А потому, когда он увидел художника с мольбертом у ворот, просящего разрешение нарисовать его особняк, Никитский был в восторге, ведь и князей Барятинских кто-то рисовал давным-давно, и их портреты до сих пор красуются в Третьяковке, в Эрмитаже… И он дал добро художнику, но только с одним условием — написать портрет и его самого и его семьи, когда тот закончит рисовать поместье. В этом и был один из главных резонов выставки — «раскрутить» непризнанного гения Ганина, а потом заказать уже знаменитому художнику, заслуженному деятелю искусств РФ портрет своей семьи, который увековечит его величие, как когда-то увековечили его портреты князей Барятинских…

Мягко шурша по гравию, черный мерседес заехал на территорию поместья, через открытые охраной ворота. Когда дверь машины открылась, к ней уже подбежали трое охранников в «хаки» и солнцезащитных очках с короткими автоматами АКСУ в руках. В охрану Никитский брал только бывших военных и только тех, кто прошел «горячие точки», а платил столько, что мог рассчитывать на их жизнь также, как на свою собственную.

— Валерь Николаич, Валерь Николаич! Мы уж забеспокоились… Взяли бы ребят, Вам без охраны никак нельзя!

— «Кому суждено быть повешенным — тот не утонет», — хмыкнул Никитский. — Вы мне нужны, чтоб детей да жену охранять, а себя я и сам защитить смогу, не мальчик, — он недовольно сморщился — терпеть не мог охрану рядом с собой, также как и водителя в машине — это мешало ему ощущать себя свободным, ощущать риск, делало его жизнь тюрьмой… — Лучше отнесите картину, которая на заднем сиденье, в дом, пусть повесят её у меня в спальне, прямо напротив кровати, да поосторожней! — 50 миллионов стоит — будете потом всю жизнь выплачивать! — и довольно гоготнул, обнажив золотые коронки во рту. Двое охранников аккуратно, нежнее, чем мать младенца, вытащили упакованную в оберточную бумагу картину и осторожно понесли по главной дорожке в дом, а третий уже сел за руль, чтобы отогнать машину в гараж. Ворота медленно закрылись, словно чудовищные челюсти, проглотив свою жертву, с намерением больше никогда её не выпускать из своего раззолоченного чрева…

Никитский отправился сначала в свой личный спортзал, располагавшийся в подвале поместья, там вволю потягал штангу, размялся на беговой дорожке, побил боксерскую грушу, а потом сходил в приготовленную для него сауну, затем плотно поужинал. На ночь он зашел в детскую и пожелал деткам — тихому юноше 15 лет и такой же тихой девочке 10-ти — спокойной ночи. С женой видеться не хотелось…

И все это время Никитский, сам себе в этом не признаваясь, думал только об одном — о Портрете! Точнее, о прекрасной незнакомке, изображенной на нём. Тягая штангу или кряхтя под ударами веника, поедая бифштекс с кровью или целуя шелковистые волосики деток, перед глазами его стояла только одна картина — золотоволосая девушка с солнцевидным лицом, фиалковыми глазами и чуть приплюснутым носиком в соломенной шляпке с атласными лентами и корзинкой лесных цветов… Лицо её смутно казалось ему знакомым и этим, главным образом, портрет и притягивал к себе: а что если изображенная на нем девушка существует на самом деле?! Никитскому до смерти надоела его последняя жена, к тому же она старела, ей уже было 35 — какие бы солярии и салоны красоты она не посещала, 25-летней она уже все равно не будет… А тут — не девочка, а цветочек полевой, конфетка! С такой и за границей появится не стыдно, и у губернатора, и друзьям показать… Это бриллиант, который идеально подойдет к его костюму, а этому бриллианту только он, Никитский, может дать достойную её красоты оправу!

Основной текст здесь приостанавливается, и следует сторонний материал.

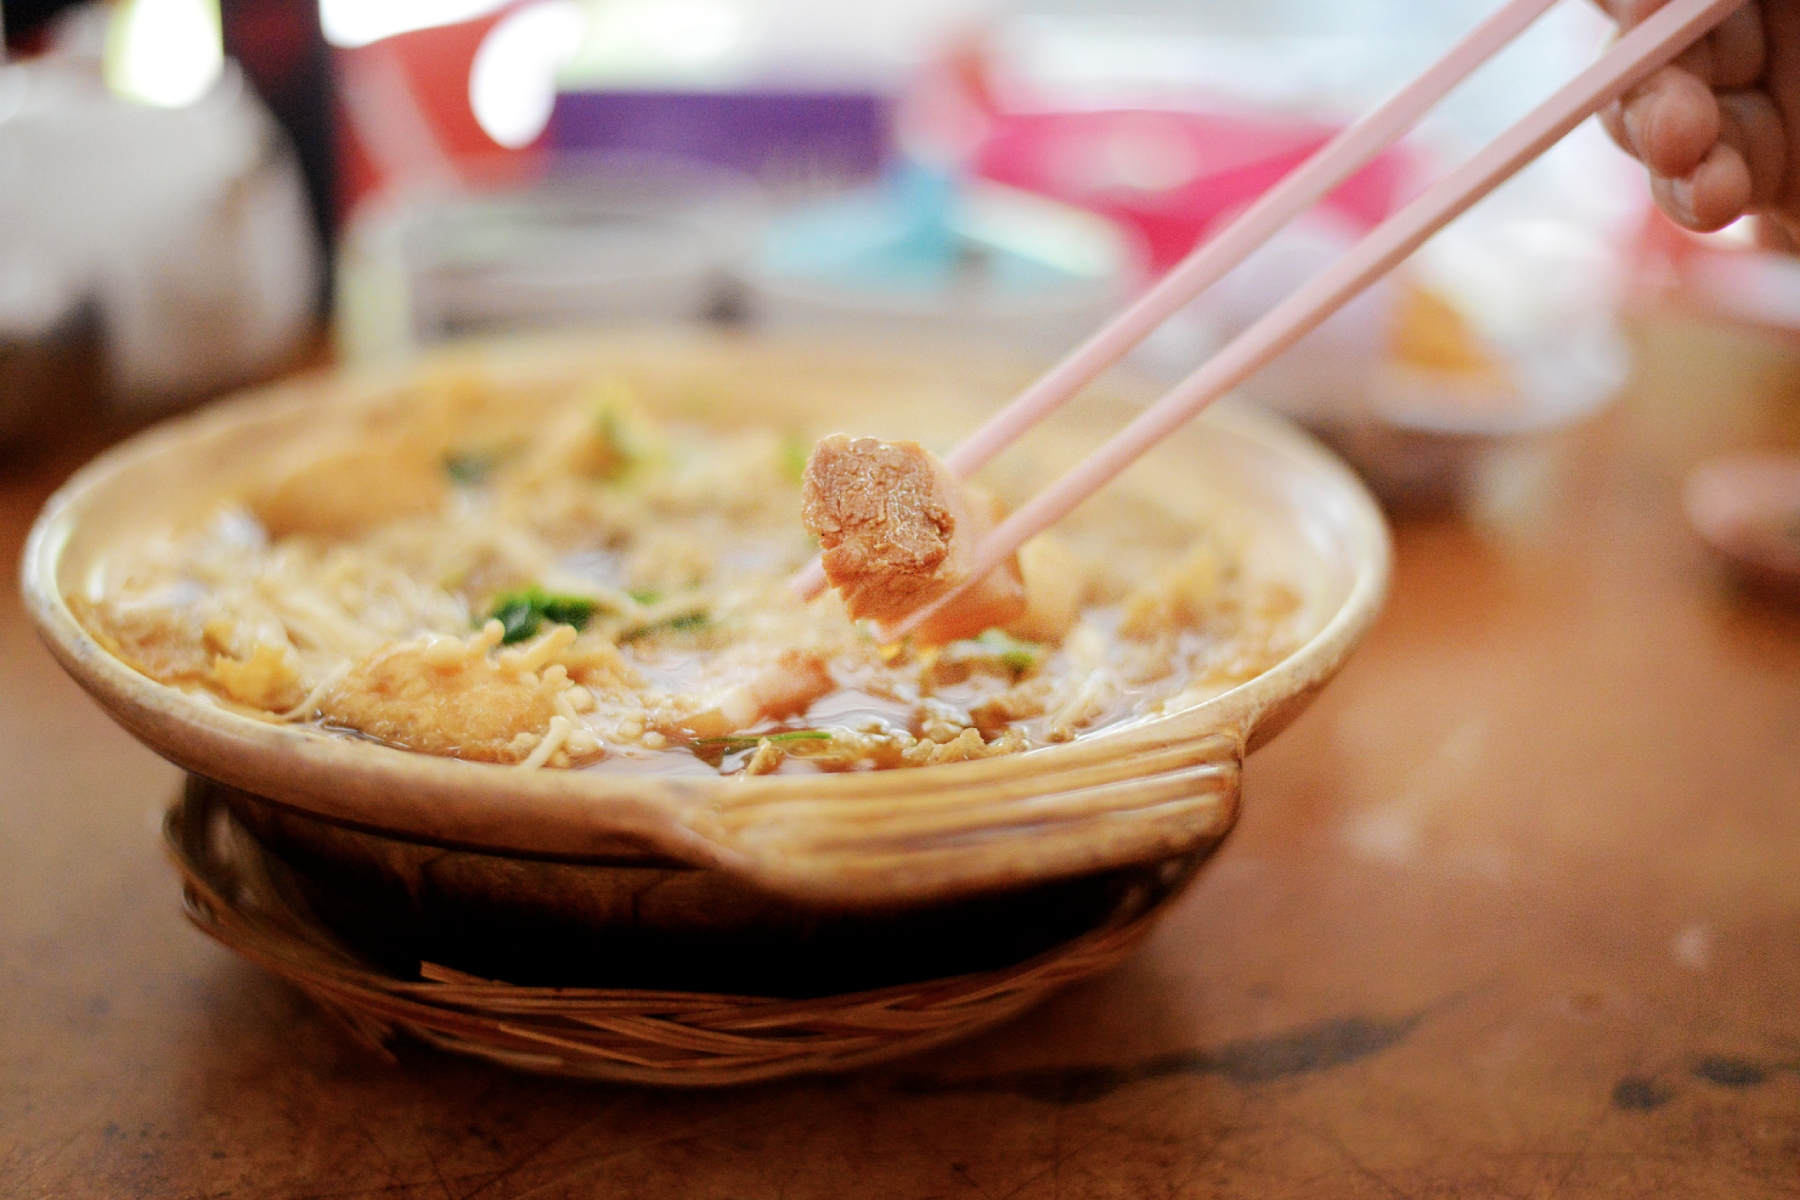 A close-up shot of a bowl of bak kut teh and a pair of chopsticks clasping a piece of pork. Bak kut teh (or 'meat bone tea') is a popular Chinese soup found in Singapore.

Поцеловав детей и пожелав им спокойной ночи, Никитский быстрым шагом отправился в свою спальню. Это была личная опочивальня князей Барятинских, полностью восстановленная в том виде, в котором она была двести с лишним лет назад — широкая кровать с шелковым постельным бельем под балдахином, розовые обои с изображением пузатых голеньких амурчиков с луками и полуголых нимф с лирами, картины художников XVIII века — в основном, портреты —, золотые подсвечники и люстра с настоящими восковыми свечами, пушистый персидский ковер, мебель искусной резки из настоящего дуба, старинный клавесин… Даже свой iPad Никитский не оставлял в этой комнате — ничто не должно нарушать эстетическую гармонию Великого века!

Когда Никитский вошел в спальню, он первым делом посмотрел на ТО САМОЕ место — часть стены слева от раскрытого высотой в три человеческих роста старинного окна — место для Портрета, как раз напротив кровати. Да, Он был уже там…

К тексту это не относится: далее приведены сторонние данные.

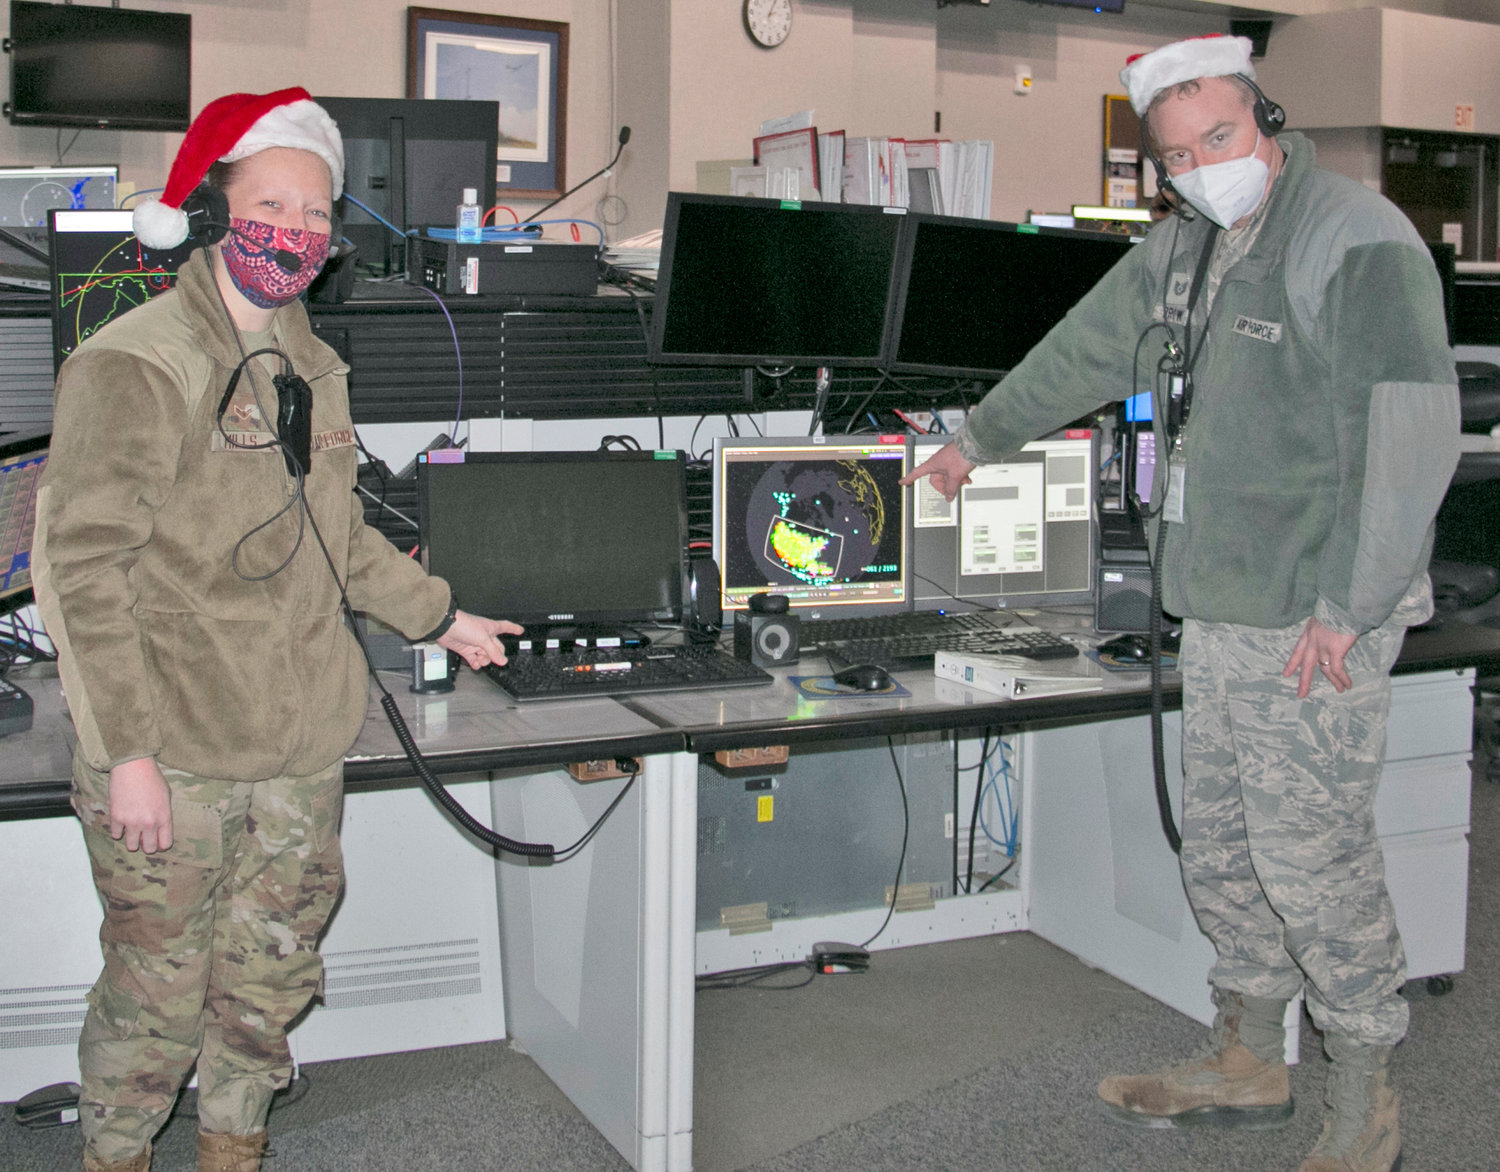 PREPARING TO MONITOR SANTA — Airman 1st Class Megan Mills, left, and Tech. Sgt. Kriston Brown participate in a recent Santa Claus tracking exercise at the Eastern Air Defense Sector. They were prepping for today, Christmas Eve, when EADS will support the North American Aerospace Defense Command’s (NORAD) annual Santa tracking efforts.

Никитский довольно улыбнулся и, получше завязывая на ходу пояс махрового розового халата, подошел к нему вплотную. Мягкое освещение люстры из двух десятков восковых свечей было очень выигрышным для портрета — романтический сюжет при романтическом освещении: замок вдали стал ещё более насыщенного цвета, фиалковые глаза — ещё более томными, а алые губы — ещё более страстными…

«Конфетка! — причмокнул губами Никитский. — Правда, рама дешевенькая… Ну ничего, завтра же закажу из чистого золота! Ты у меня будешь как принцесса — в золоте ходить и в бриллиантах!», — хмыкнул Никитский и… усмешка застыла на его губах… потому что девушка на Портрете улыбнулась ему в ответ и кокетливо сощурила глазки!

Сердце Никитского ёкнуло и судорожно забилось. Ему показалось, что пол под ним заколебался и что вот-вот он уйдет у него из-под ног, а точнее, разверзнется под ногами пропасть и он улетит прямо в преисподнюю! Но вскоре первый приступ страха пропал, и на его место пришло, вкрадчиво и в то же время настойчиво, вожделение…

Да… Вожделение… Его терпкий сладкий привкус он ощутил ещё тогда, на чердаке этой странной конуры, но сейчас… Оно становилось неодолимым! Оно охватило все существо Никитского, каждую клеточку его тела, оно сжигало его дотла! От страстной истомы подкашивались ноги, закружилась голова, сердце готово было выскочить из груди, пробив грудную клетку, рот наполнился вязкой слюной, а глаза — какой-то розовой дымкой…

У Никитского в жизни много было женщин. Ещё в юности он никогда не страдал от отсутствия женского внимания — его физическая сила, решительность, граничащая с дерзостью, бесстрашие — все это ещё со школы, где он слыл первым хулиганом, создавало вокруг него ореол «первого парня на деревне». Девушки липли на него, как мухи на мед, а уж тем более, когда он стал богатым… И девушки были разные — и блондинки, и брюнетки, и рыжие, и высокие, и пониже, и плоские, и «в теле»…

А тут… Хотя девушка на портрете была красива, без сомнения, но что-то в ней было особенное…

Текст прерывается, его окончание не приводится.